Thinking about this a bit more...

PEP 568, if implemented, would make it possible to assign a reasonable semantics to cancel scopes with yield inside them. Basically, the scope would apply to the code that's statically inside the scope, but not to anything outside the generator; if the scope is cancelled/timeout expires while the generator is suspended, then that just means that when the generator is resumed, it'll be in a cancelled state and the next checkpoint will raise Cancelled. (Or if it exits the cancel scope without executing a checkpoint, that's fine too.)

PEP 568 would not make it possible to assign a reasonable semantics to a nursery with a yield inside it – that's intrinsically impossible if we want to keep the guarantee that exceptions in background tasks are propagated promptly, because if a background task crashes while the generator-holding-the-nursery is suspended, what can you do? There's no live stack frame to propagate it into. If we were willing to relax the guarantee to just, exceptions are propagated eventually, and PEP 533 were implemented, then we could allow yield inside nurseries, but neither of those seems likely.

So, maybe we want to we forbid yielding out of nurseries. How can we do that? One idea would be to have PEP 568, use it for cancel scopes, and then for nurseries add an additional feature: the ability to somehow "pin" the Context that's on top of the stack (the one that writes go to), so that if a yield would take us out of that context, then it fails (raises an exception instead of yielding). Then regular cancel scopes would stash their state in the context, and nurseries would additionally pin the context. And inside an @asynccontextmanager function you could still yield out of a nursery, because @asynccontextmanager functions – unlike other async generators – share their context with their caller, so yield there doesn't touch the context stack.

One more thing to consider: what if we decide to disallow yield inside all cancel scopes, not just nurseries? Even the correct semantics for a yield inside a cancel scope are a little confusing; if the timeout expires while the generator is suspended, then nothing happens, until later it's resumed and then boom. Users could conceivably be expecting a more complex semantics, where the timeout clock stops ticking during the yield. Or even if they aren't, then it's pretty weird for the semantics of the generator to depend on how long it was suspended for – that violates encapsulation, and probably isn't very useful.

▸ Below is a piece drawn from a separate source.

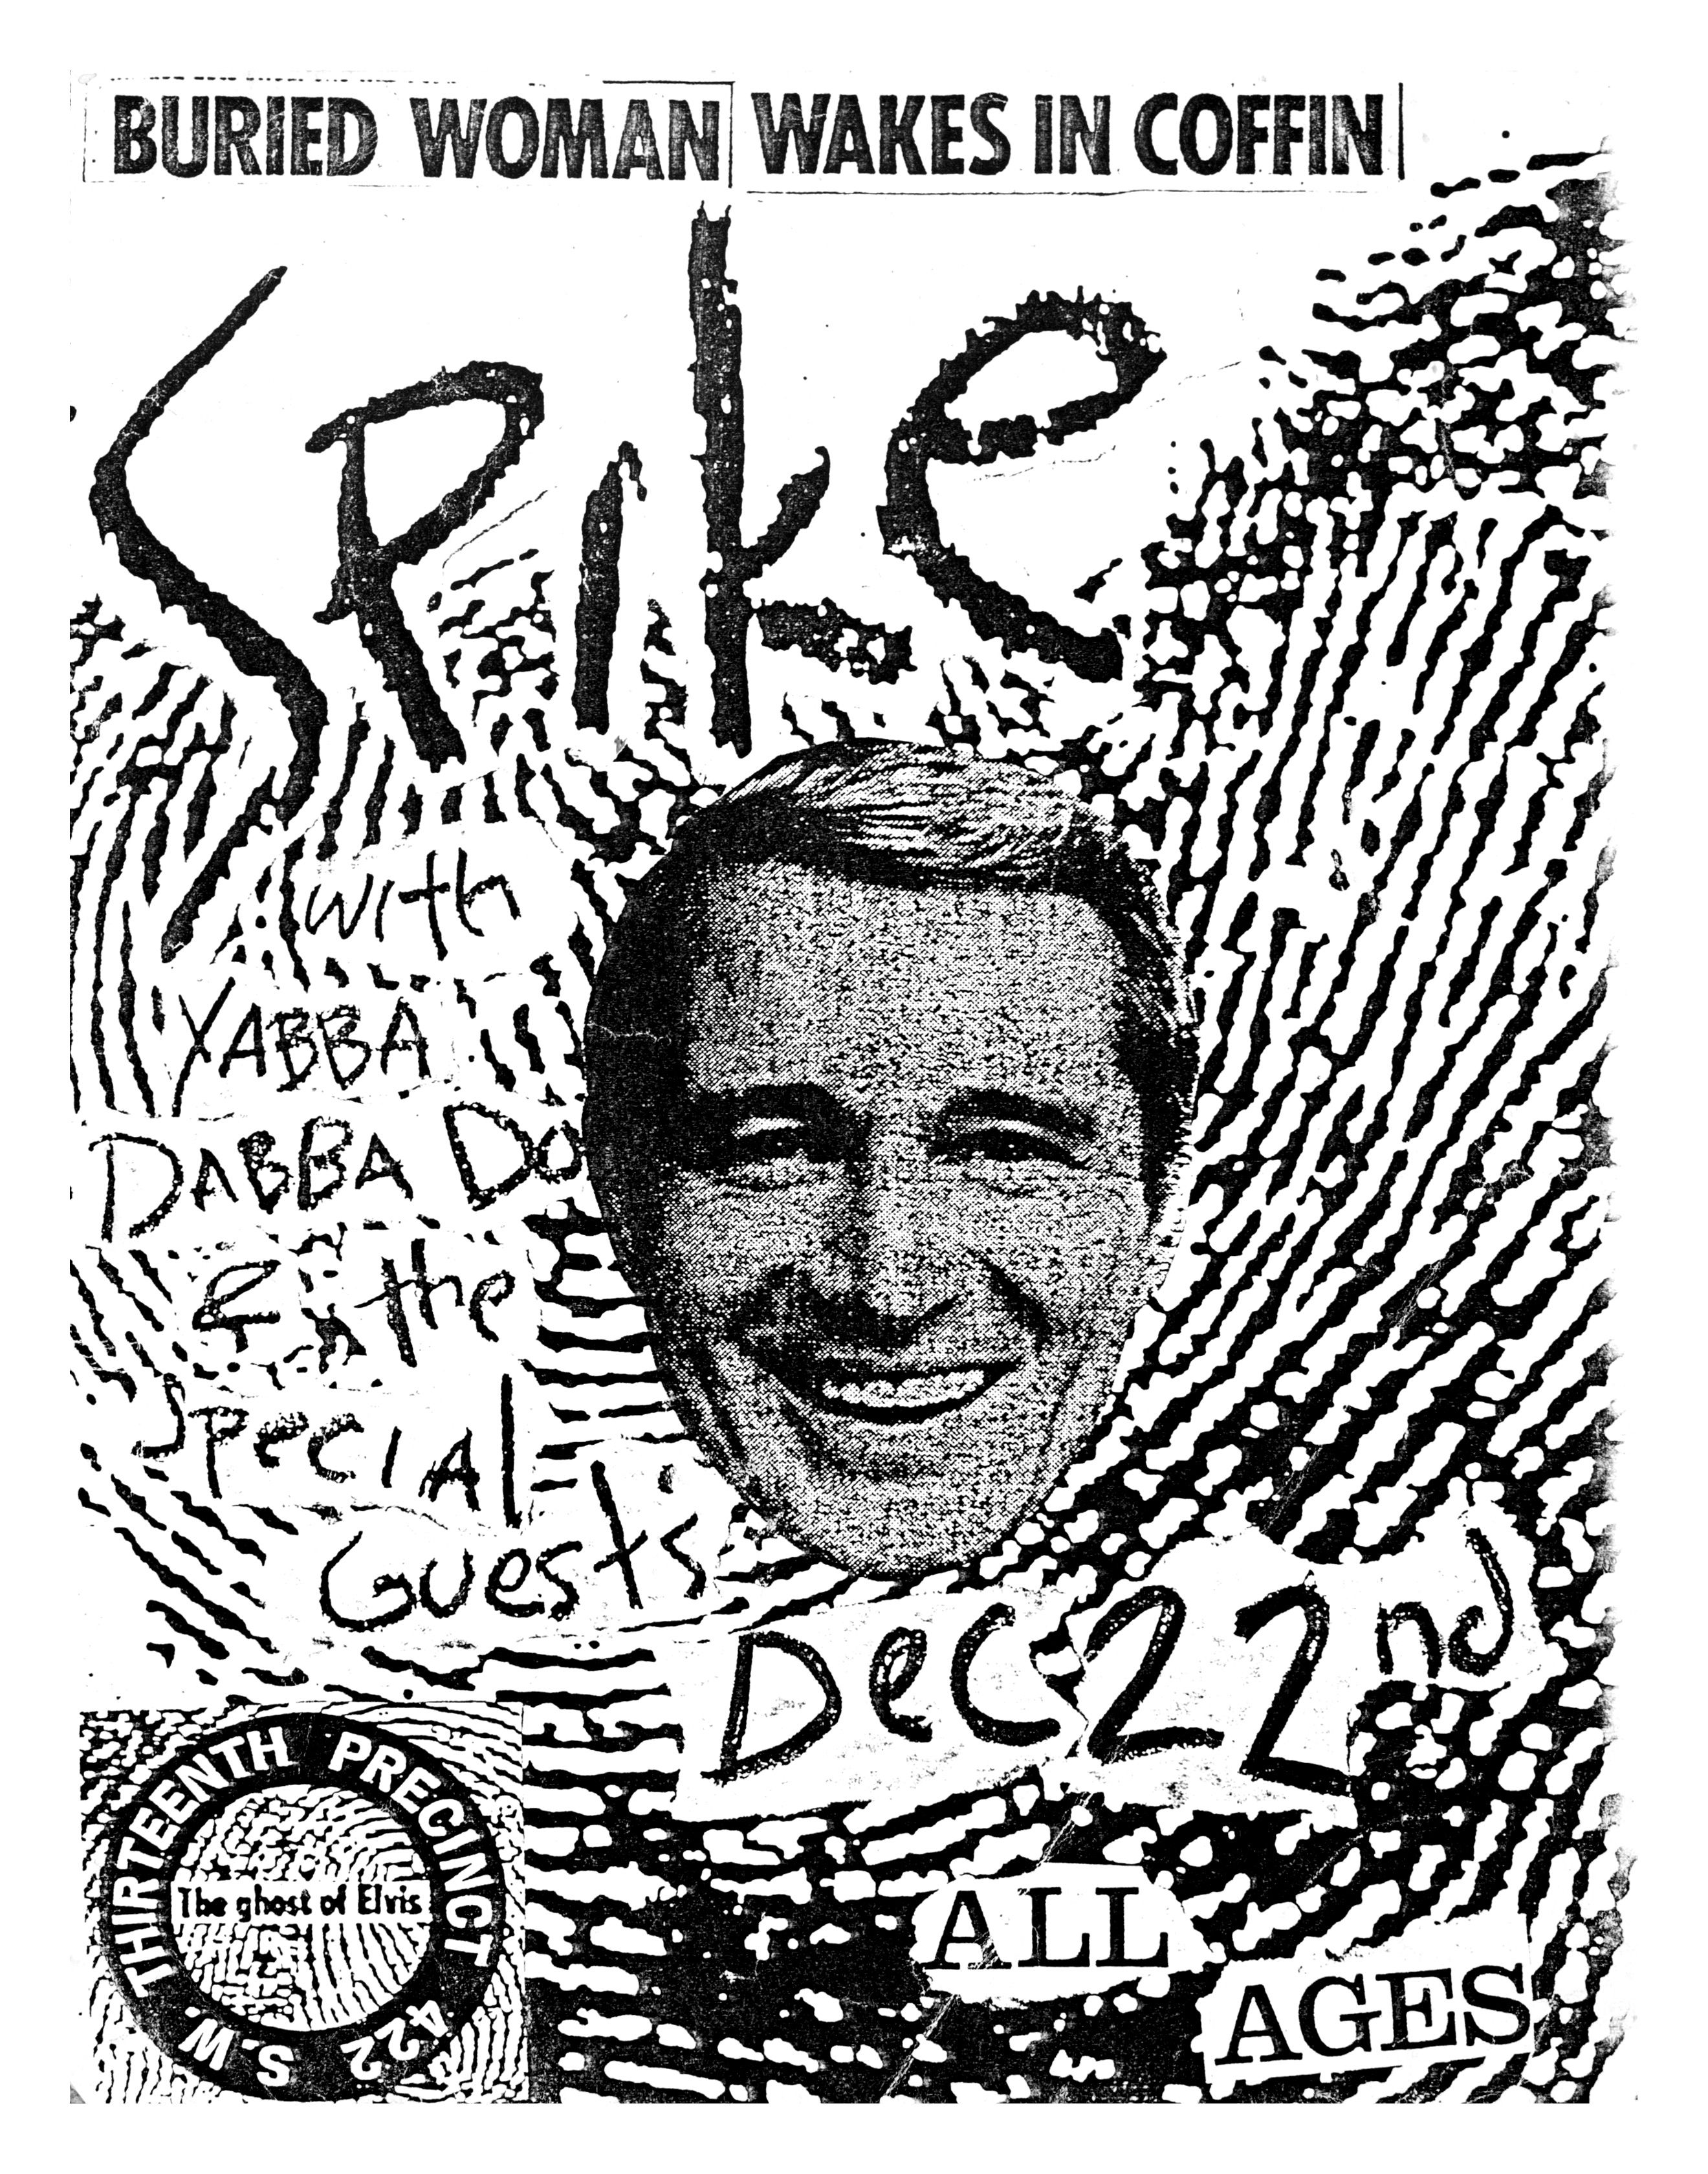 MXP-45.4 Spike 1983 13th Precinct  Dec 22 Concert Poster

If that's what we want to do, then we don't need to tie to it PEP 568-style nested contexts. The reason why tying them together is attractive is that PEP 568-style nested contexts need to have a special case to handle @contextmanager and @asynccontextmanager, and the no-yield-in-nursery rules need the exact same special case, so maybe we can combine the special cases. But we can also imagine adding the no-yield-in-nursery feature more directly, and decoupling the whole thing from PEP 568.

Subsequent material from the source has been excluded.